Version of starry: 1.1.2
Operating system: Ubuntu 20.04
Python version & installation method (pip, conda,etc.): Python 3.7.6 , installed via pip

rodluger commented 3 years ago

You must be passing the starry.Map instance as an argument to the log probability function. Currently, the Map class is generated from a class factory, so it's not directly picklable. I think it would be straightforward to fix this, but I would recommend a different, likely much faster approach than what you're currently doing: switch to lazy evaluation mode and explicitly compile the theano function yourself. There's a section in the docs showing how to do this.
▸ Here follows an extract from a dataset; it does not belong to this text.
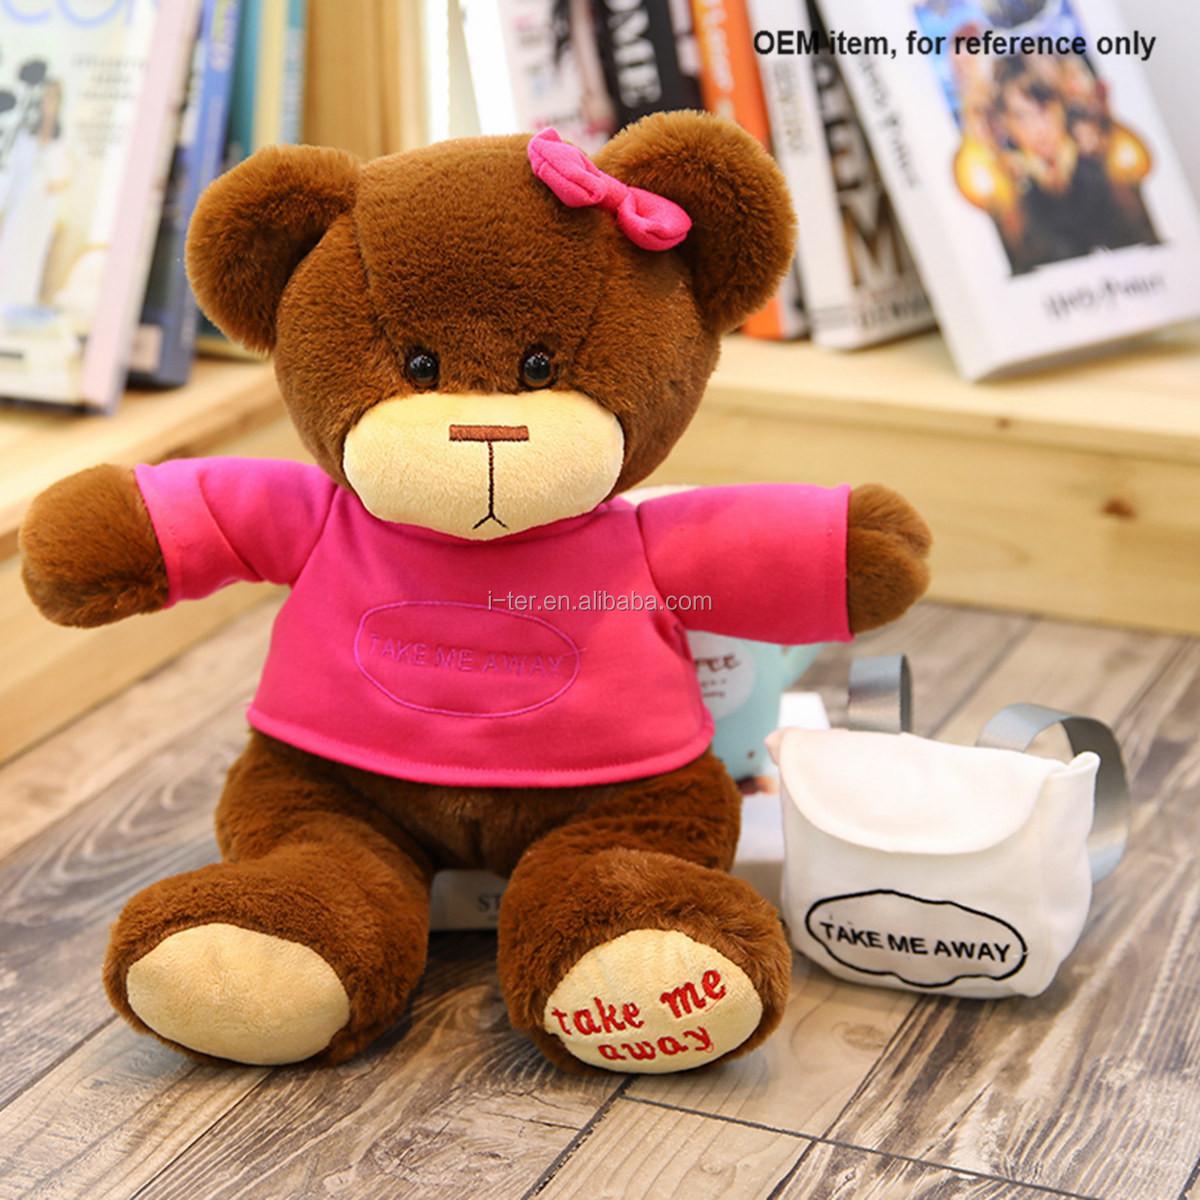 0d6005b9ad8 Oem China Factory Stuff T Shirt Teddy Bear Plush Kids Toys - Buy ...

The reason it's faster is that you're compiling all the operations (instantiating the map, setting the attributes, computing the flux, computing the likelihood) into a single executable function. You're also baking in the dataset into the compiled routine, so there's much, much less data transfer across cores.
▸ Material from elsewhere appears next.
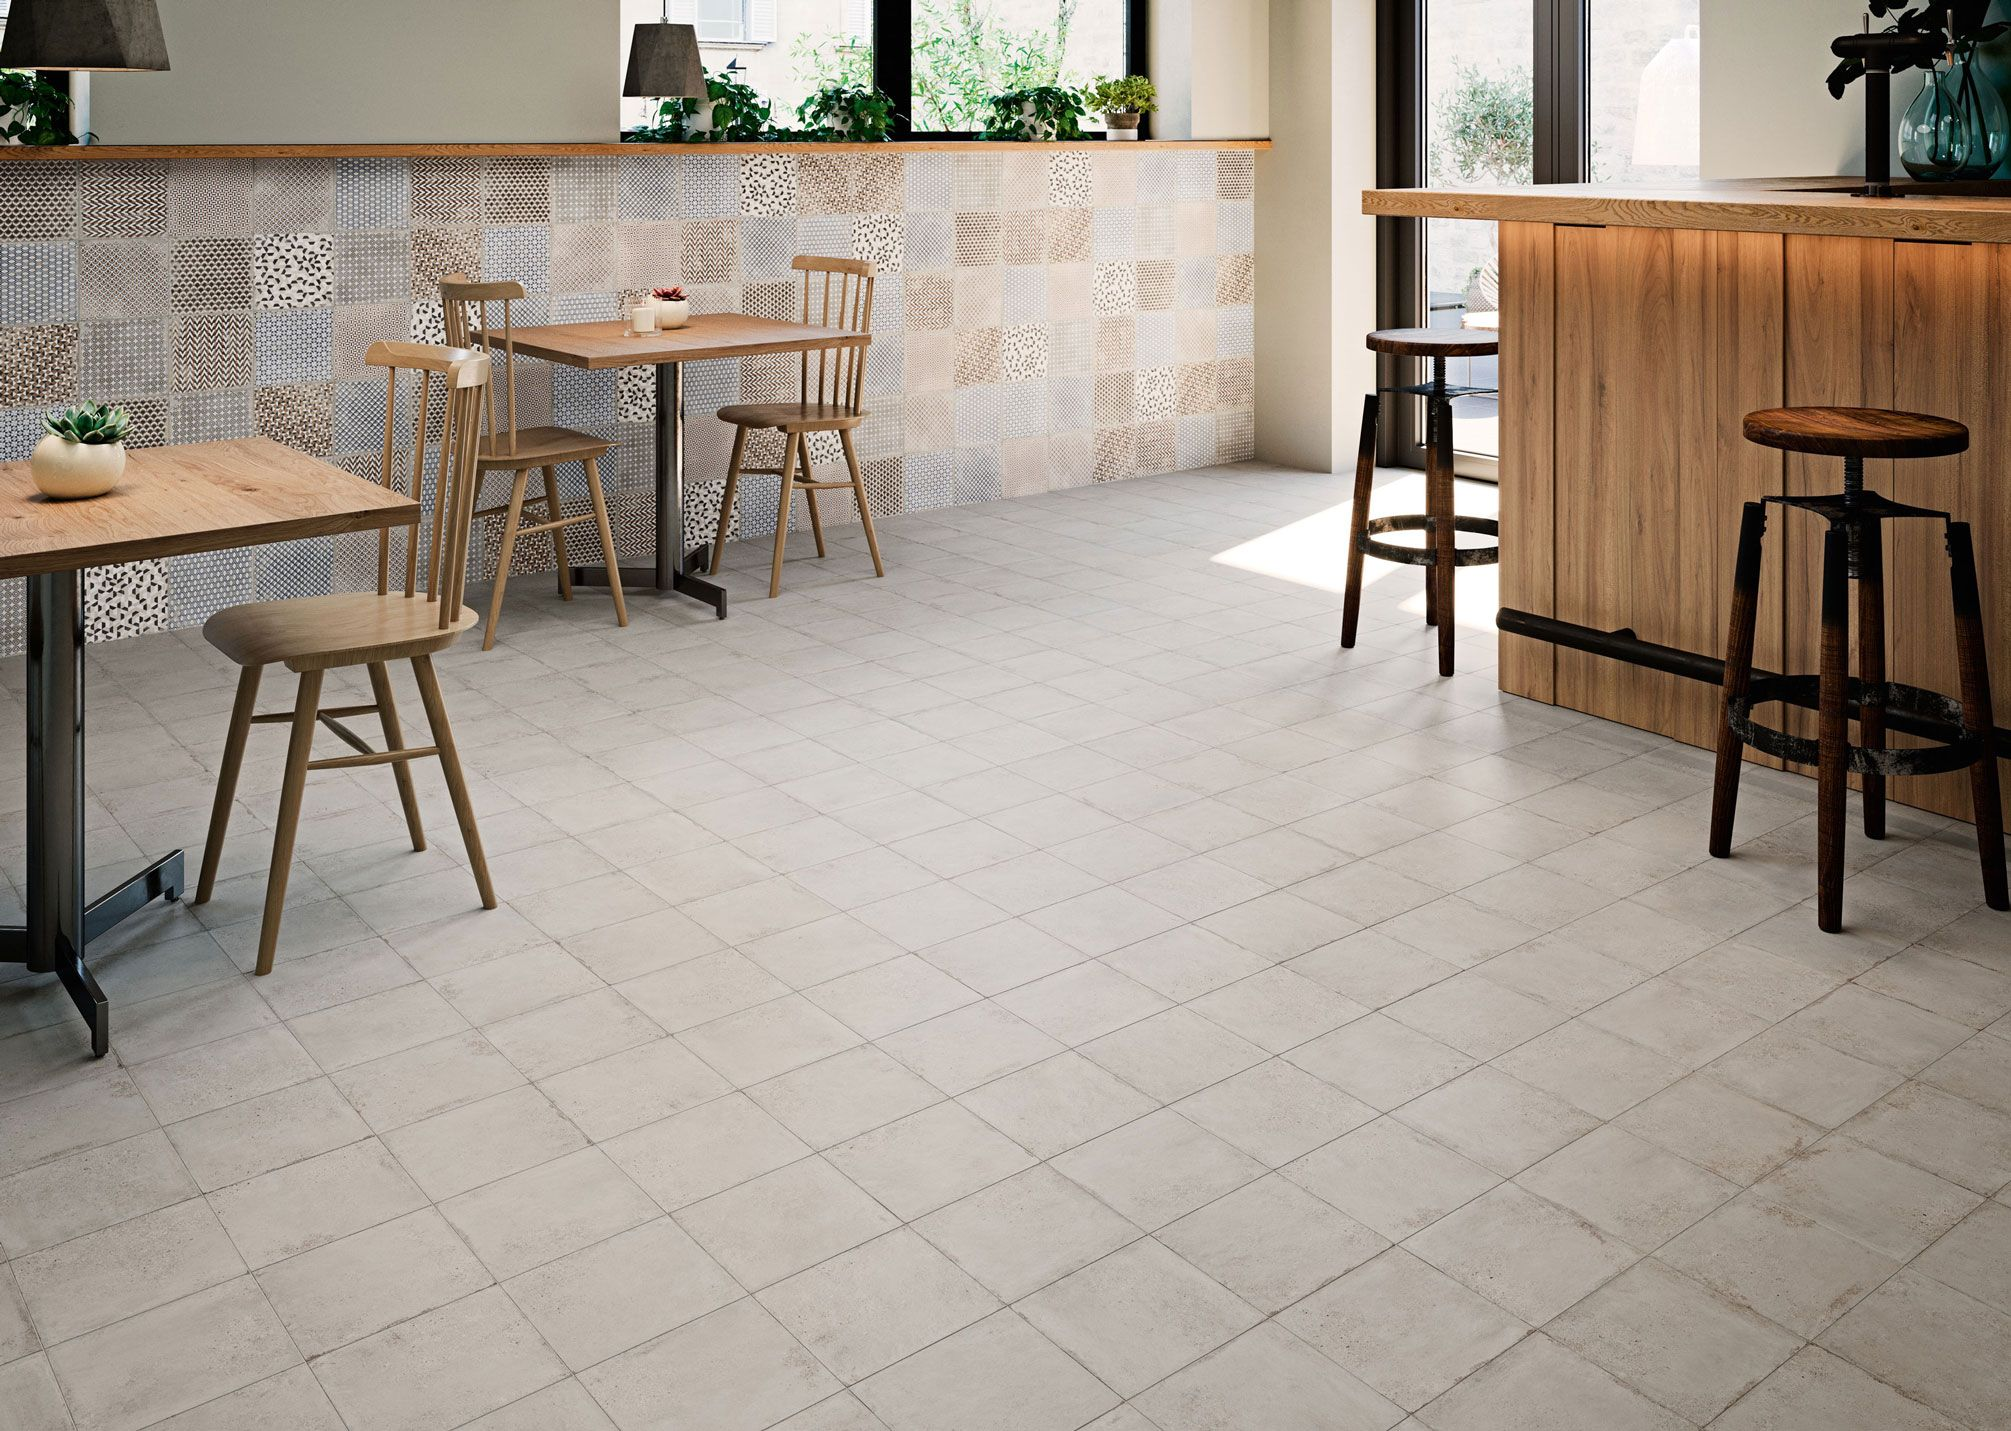 Wall Tiles For Restaurants In 2020 Ceramic Floor Interior Design Tips Ceramica

I usually recommend using pymc3 instead to do sampling, since that's what starry is optimized for (and it can be significantly faster for many problems). But following the steps above should work for you. Let me know if you run into issues.

iancrossfield commented 3 years ago

Thanks @rodluger . After wrestling with theano (entirely new to me!) for a while and rewriting my model function, I was able to get the function to successfully compile in theano. The new 'fast,' 'non-lazy' version runs successfully, but emcee still bombs out with a long error trace, ending in:

MemoryError: std::bad_alloc Apply node that caused the error: <starry._core.ops.filter.FOp object at 0x7ff4b2a6dfd0>(AdvancedIncSubtensor1{inplace,set}.0, IncSubtensor{InplaceSet;int64}.0) Toposort index: 52 Inputs types: [TensorType(float64, vector), TensorType(float64, vector)] Inputs shapes: [(3,), (16,)] Inputs strides: [(8,), (8,)] Inputs values: [array([-1. , 0.3409965 , 0.29015569]), 'not shown'] Outputs clients: [[SparseDot(SparseConstant{csc,float64,shape=(36, 36),nnz=124}, <starry._core.ops.filter.FOp object at 0x7ff4b2a6dfd0>.0), InplaceDimShuffle{1,0}(<starry._core.ops.filter.FOp object at 0x7ff4b2a6dfd0>.0)]]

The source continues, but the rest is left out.